Следовательно, в показаниях каждого заговорщика нужно четко различать две части: во-первых, то, что говорится о их собственных действиях, и, во-вторых, касающееся их сообщников. Первая часть показаний состоит из того, что участник заговора действительно знал, хотя мог утаивать либо изображать в ложном свете. Во второй же части речь идет лишь об узнанном из чужих (и, возможно, лживых) уст. В показаниях каждый заговорщик старался преуменьшить свою роль за счет перекладывания главной ответственности на чужие плечи.

Однако картина рисуется такой, пока мы исходим из предположения, что заговорщики получали в основном правильную информацию о планах своих сообщников. Если же допустить, что все главные заговорщики получали ложные сведения друг о друге, то положение разом меняется. В этом случае утверждение каждого из них О том, что он лично не собирался просить об испанской интервенции для свержения Елизаветы, может означать отсутствие заговора вообще. Возможно, истина лежала посередине — велись какие-то разговоры, которые секретная служба Сесиля представила вполне законченной государственной изменой.

Как бы мы ни относились к концепции Эдвардса, факт переговоров шотландской королевы с Альбой доказывают бумаги, захваченные еще в апреле 1571 г. у сторонников Марии Стюарт после взятия ее врагами дамка Думбартон. Историк-иезуит, пытаясь доказать свой тезис, стремится затушевать, насколько планы Ридольфи точно отражали интересы Марии Стюарт и Норфолка. Известно, что как Сесил, так и сама Елизавета и в 1571 г., и много позднее были противниками открытой военной конфронтации с Испанией, на чем настаивали упорно Лейстер и Уолсингем[146]. Но разве не могло провоцирование заговора Ридольфи привести к такой конфронтации, активизировать и Альбу, и Филиппа II? Сесил, если он спровоцировал заговор, не мог не задать себе подобный вопрос.
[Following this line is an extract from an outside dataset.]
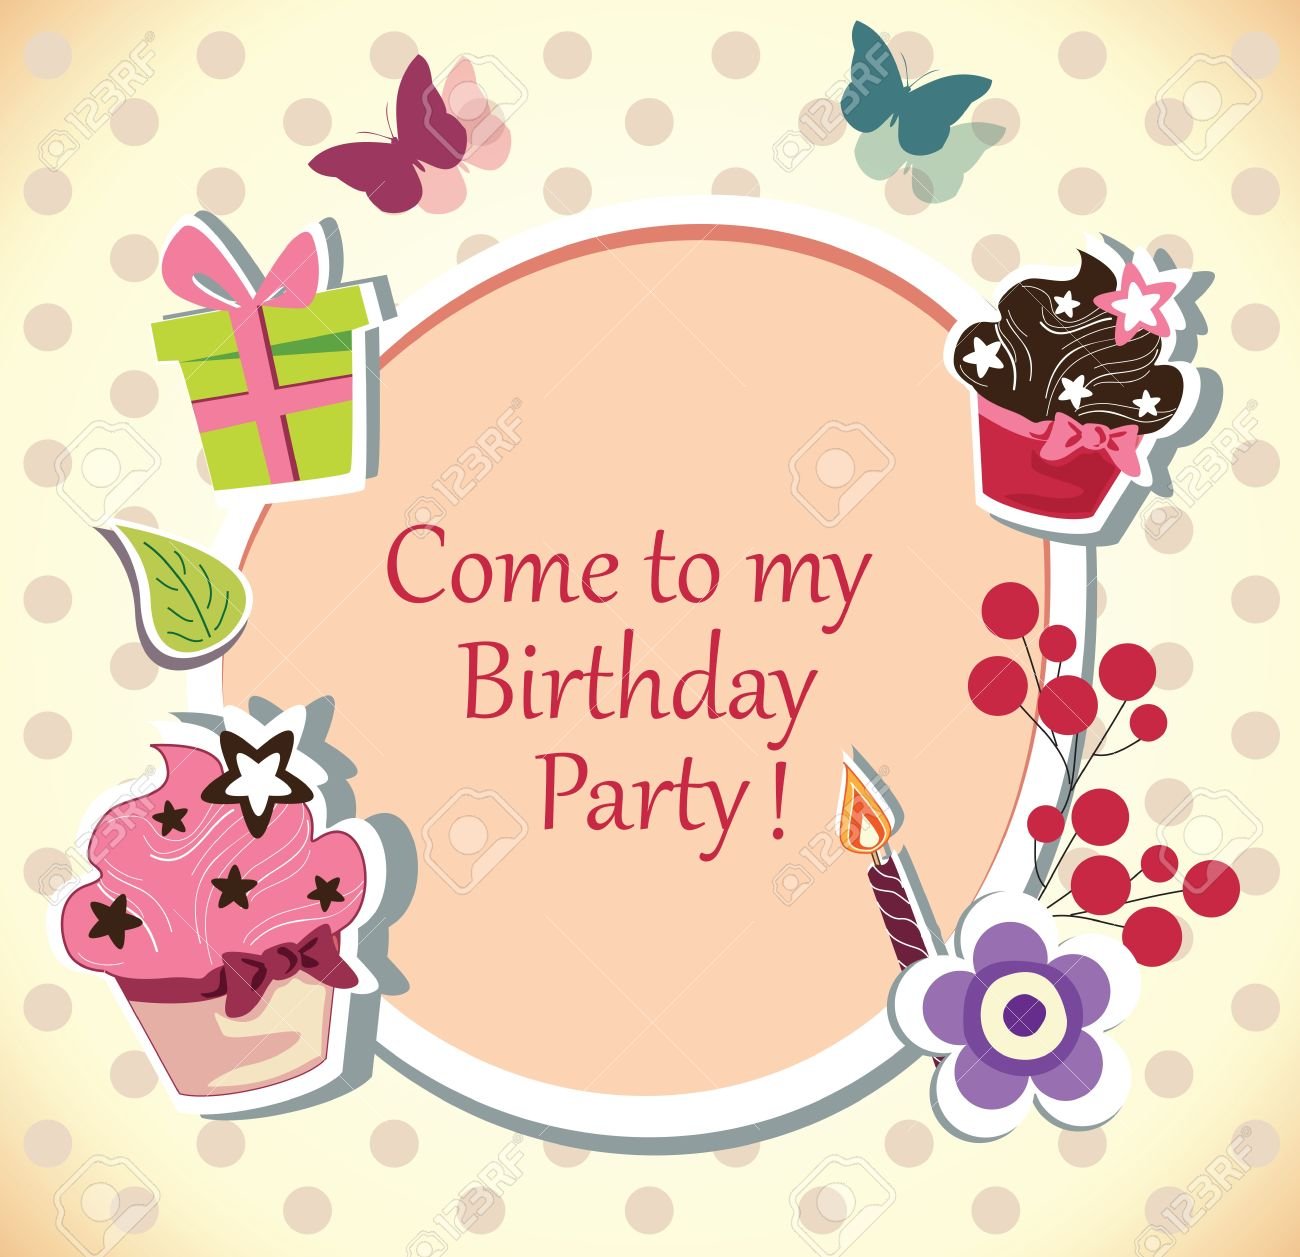 Birthday Party Invitation Card Royalty Free Cliparts, Vectors, And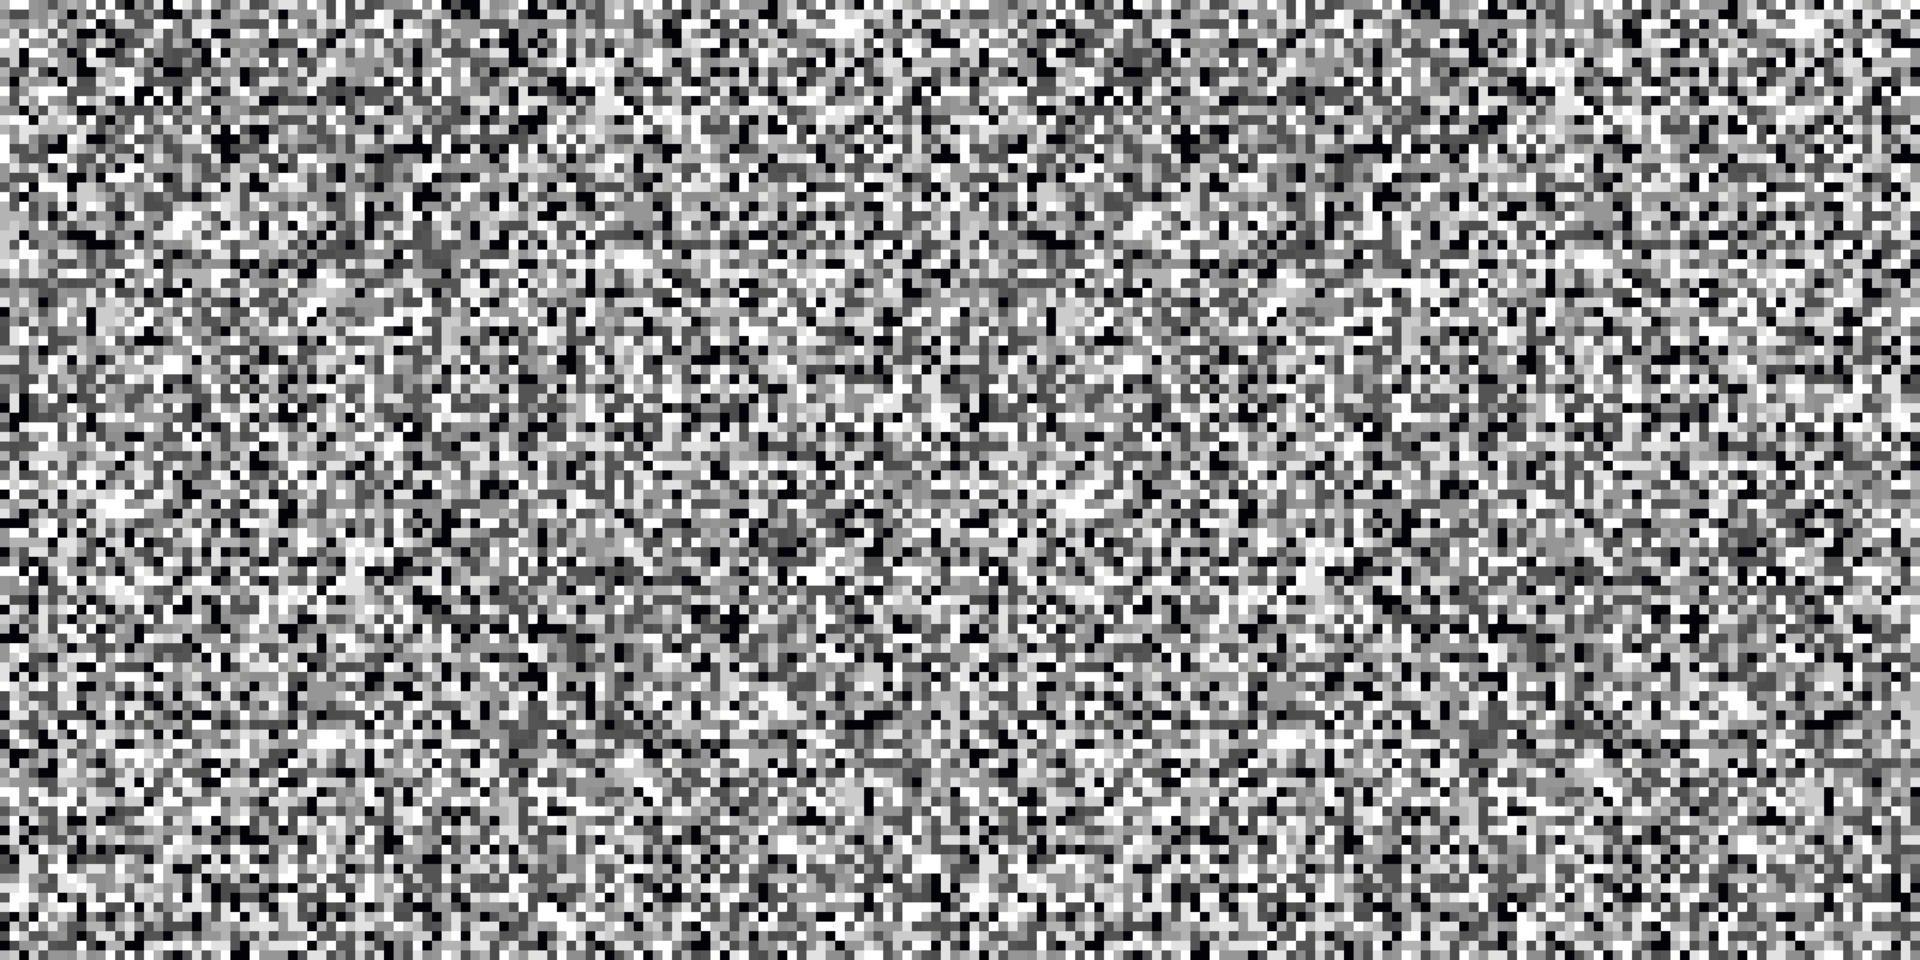 TV screen noise pixel glitch texture background vector illustration.

Историку-иезуиту удалось поставить под сомнение традиционную интерпретацию «заговора Ридольфи». Большинство же специалистов продолжают придерживаться официальной версии, признавая, однако, что Ридольфи был болтуном и что за такового его считали и Филипп II и герцог Альба, не придавая значения его обещаниям и проектам[147].

Взрыв в Кирк о’Филде и «заговор Ридольфи» стоят в длинном ряду заговоров, которыми столь изобилует английская и шотландская история второй половины XVI и первого десятилетия XVII в. Вслед за «заговором Ридольфи» последовали другие конспирации в пользу Марии Стюарт: одни, несомненно организованные католическим лагерем, другие, столь же бесспорно спровоцированные английской разведкой, и, наконец, третьи, относительно истинной подоплеки которых до сих пор существуют разногласия между историками. К ним надо прибавить и многие шотландские заговоры этих десятилетий. Безусловно, характер заговоров определял и течение завершавших их судебных процессов. Задачи, стоявшие перед организаторами процессов, были совсем иные в случаях, когда речь шла о реальных противниках Елизаветы, или, напротив, о жертвах правительственной провокации, или даже об агентах секретной полиции, которые играли отведенную им роль на суде, не подозревая часто, что ими решено пожертвовать в интересах службы и что им уготована лютая «квалифицированная» казнь как самым доподлинным государственным преступникам.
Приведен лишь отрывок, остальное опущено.